> Exercise data:
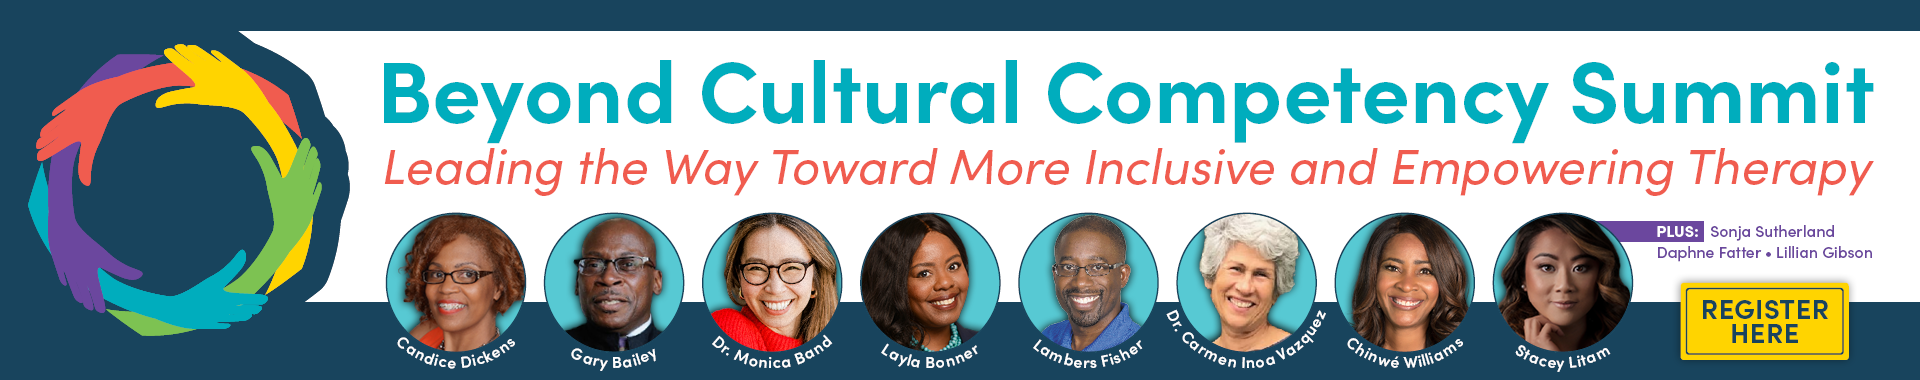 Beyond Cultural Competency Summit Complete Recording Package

* * *

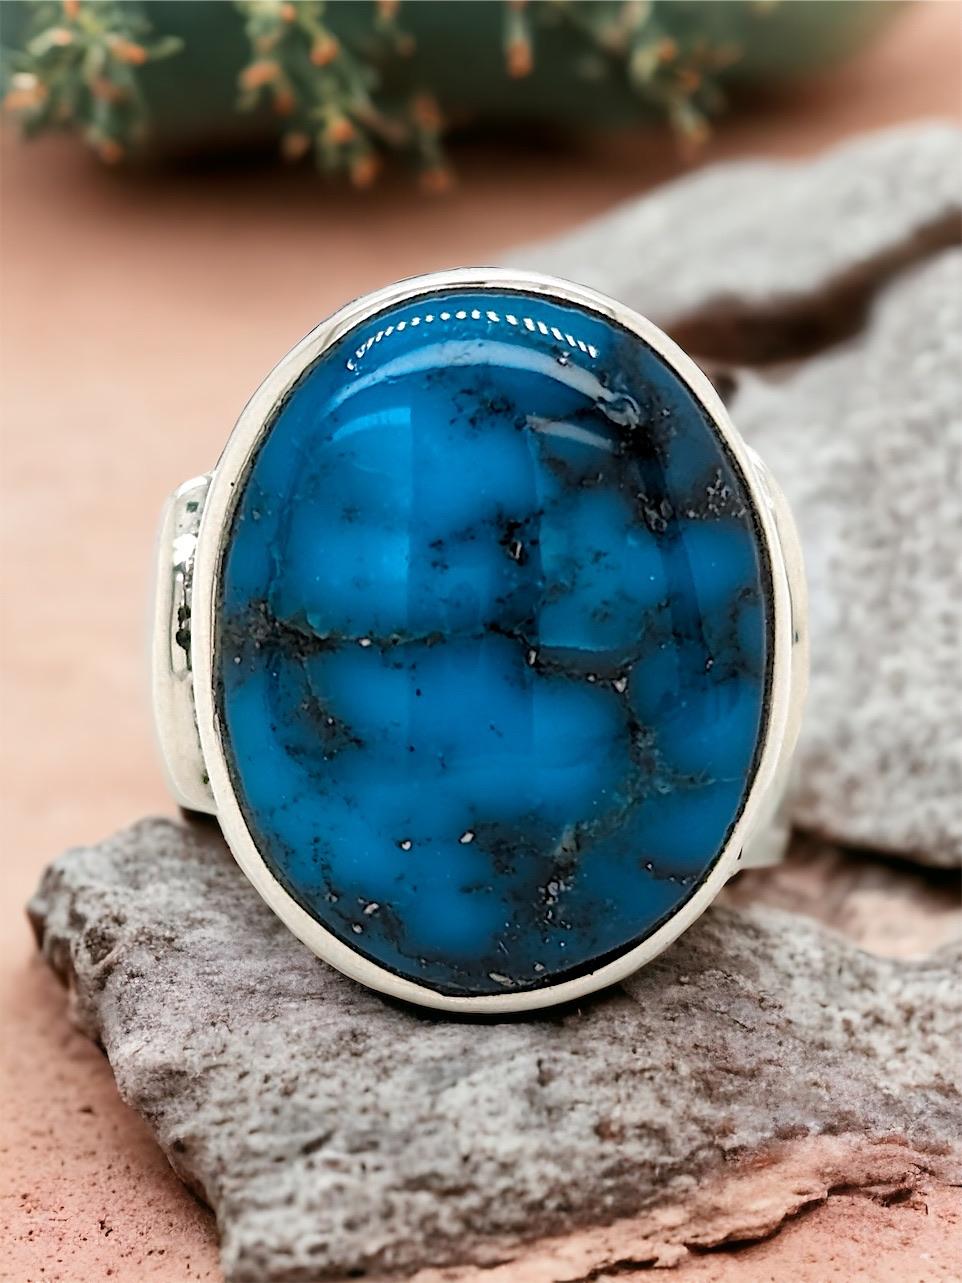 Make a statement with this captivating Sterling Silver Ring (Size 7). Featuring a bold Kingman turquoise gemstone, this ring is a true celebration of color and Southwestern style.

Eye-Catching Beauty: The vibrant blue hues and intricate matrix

> Required action:
Quote the data above exactly from the line with "Make a statement" to the line with "Eye-Catching Beauty: The", both ends counted, and nothing else. Pictures don't go in.

> Answer to the exercise:
 Make a statement with this captivating Sterling Silver Ring (Size 7). Featuring a bold Kingman turquoise gemstone, this ring is a true celebration of color and Southwestern style.

Eye-Catching Beauty: The vibrant blue hues and intricate matrix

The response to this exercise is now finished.